** Opening GIVEN MATERIAL block **

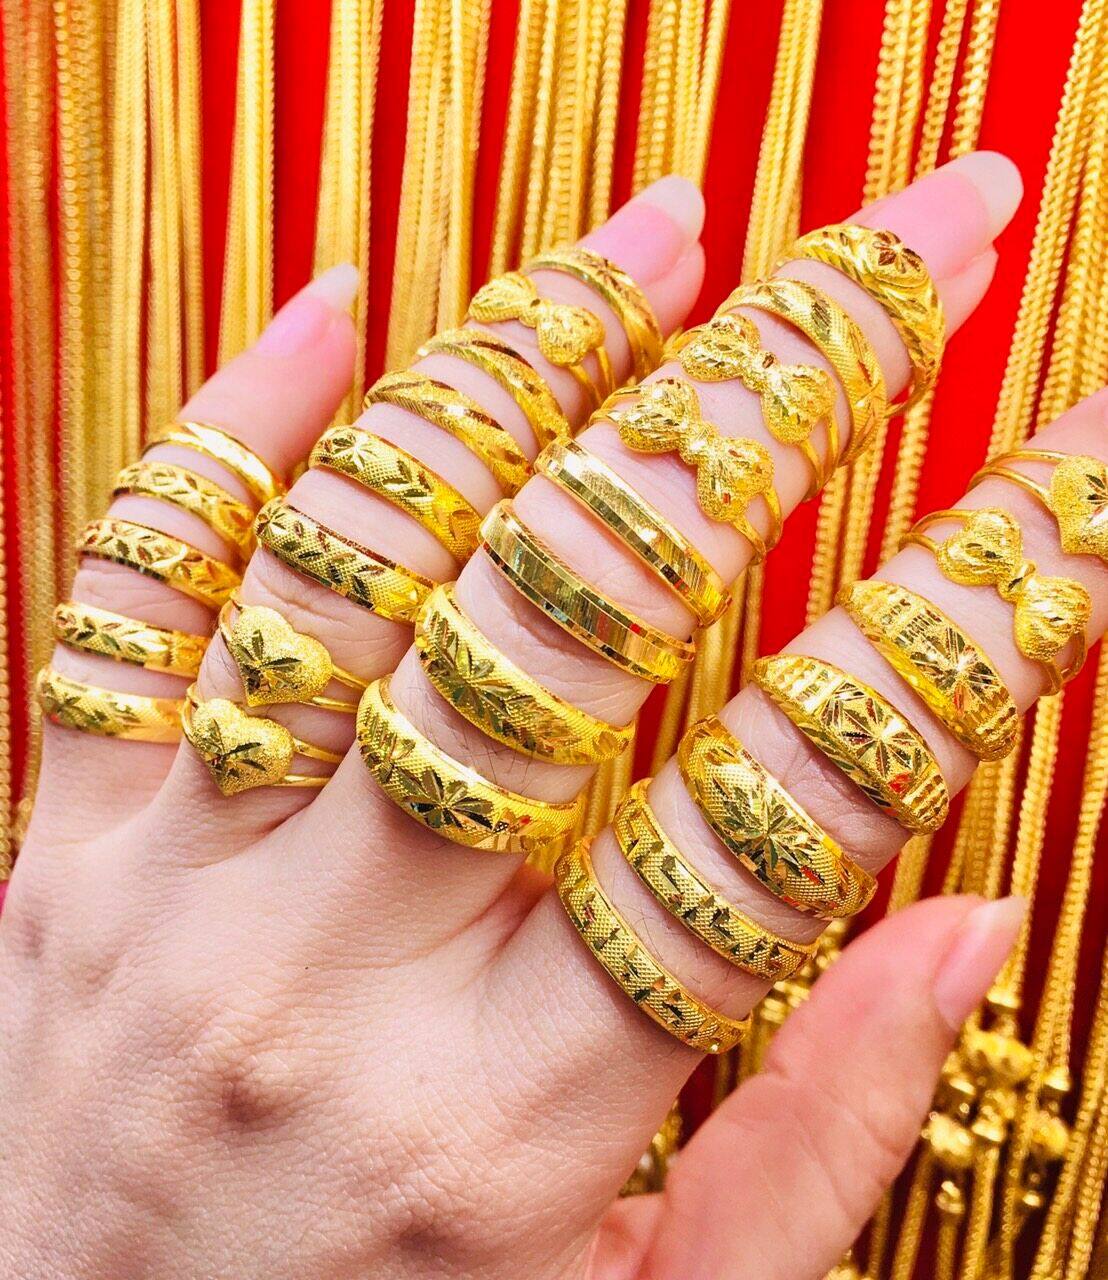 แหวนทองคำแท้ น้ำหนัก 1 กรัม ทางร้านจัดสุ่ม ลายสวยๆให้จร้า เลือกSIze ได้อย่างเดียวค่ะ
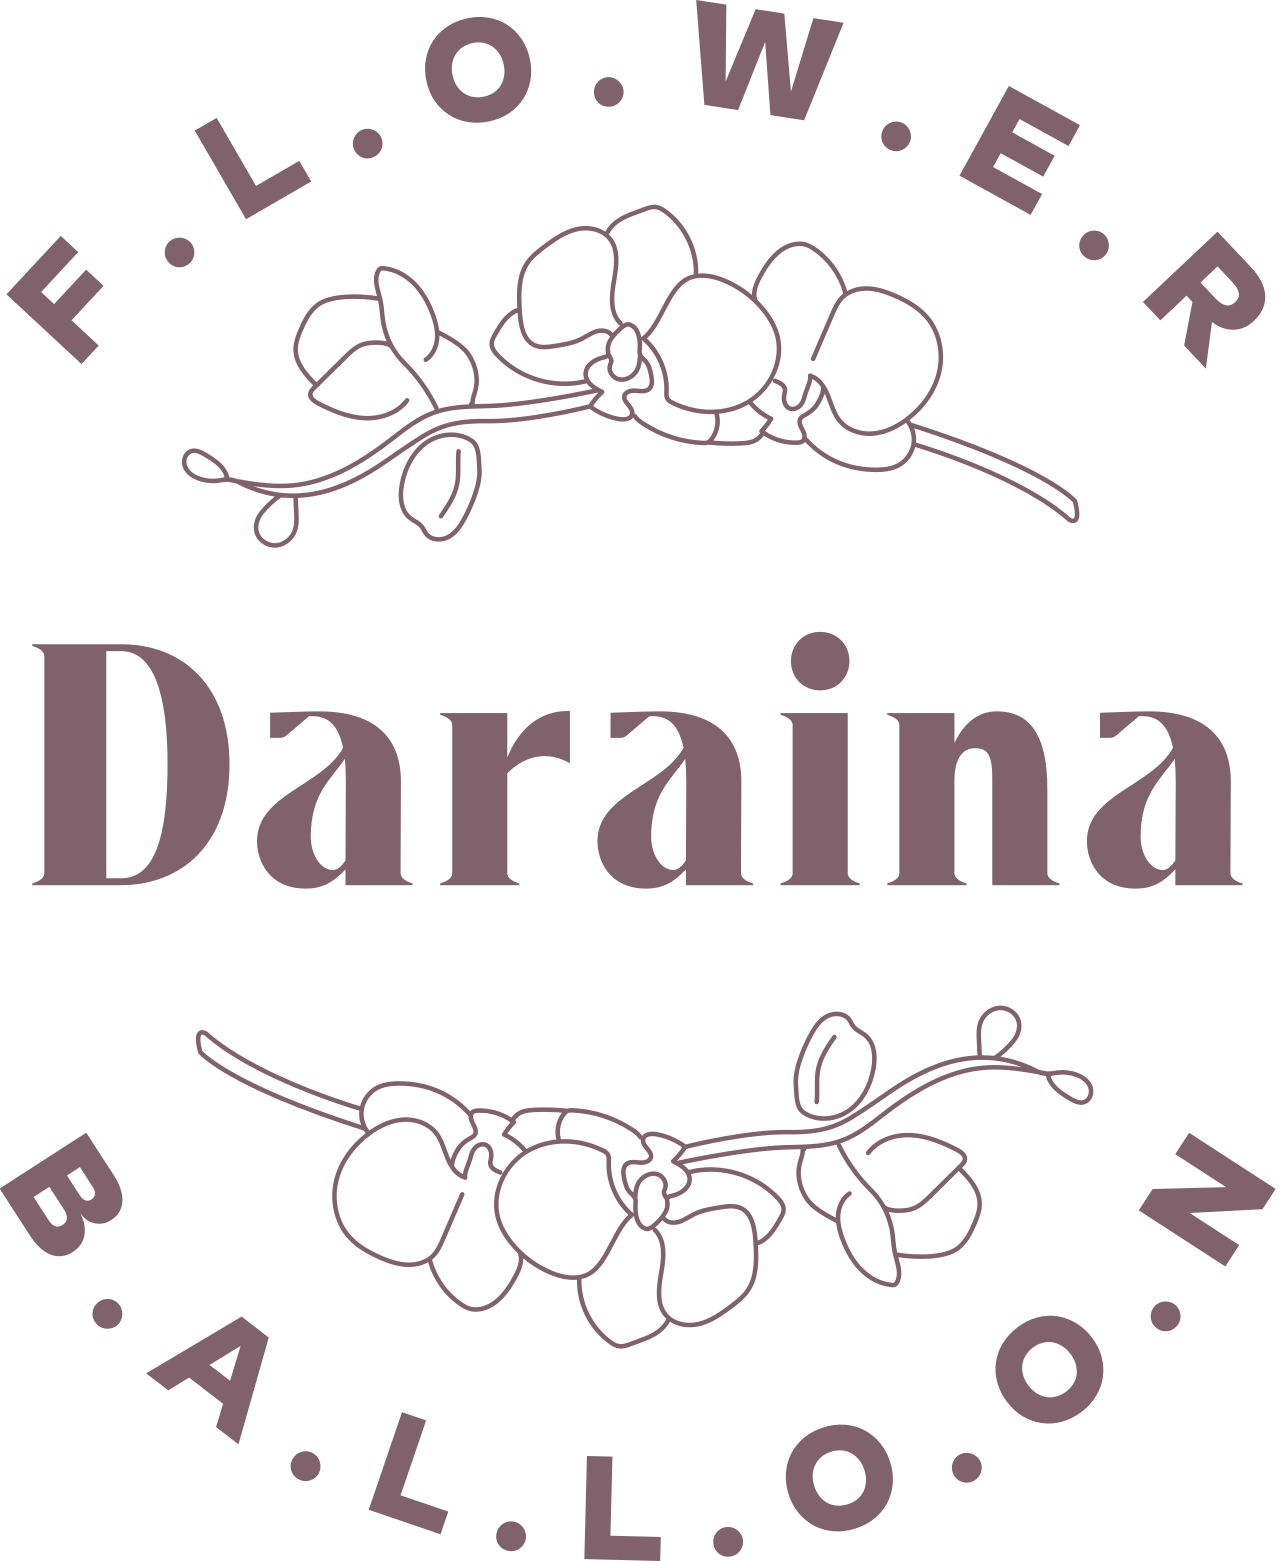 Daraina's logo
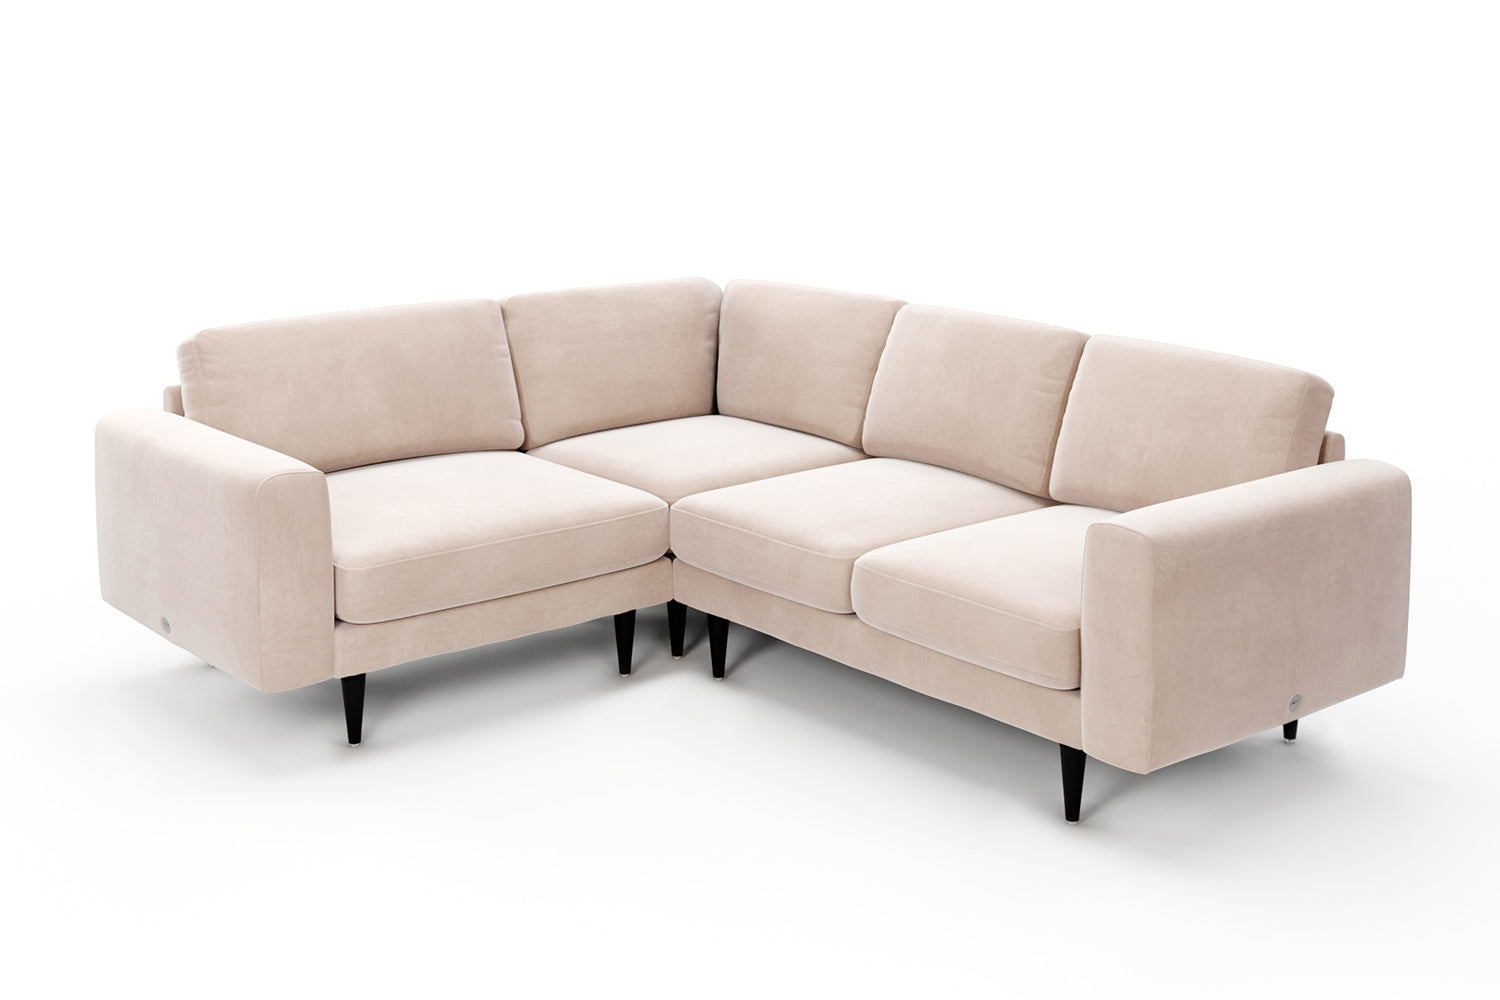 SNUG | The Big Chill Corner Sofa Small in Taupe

** Closing GIVEN MATERIAL block **

# TRY IT
Everything from the line with "Daraina's logo" through the last line of the listing above is to be copied exactly, both ends included, except the pictures.

# ANSWER SPACE
 Daraina's logo
 SNUG | The Big Chill Corner Sofa Small in Taupe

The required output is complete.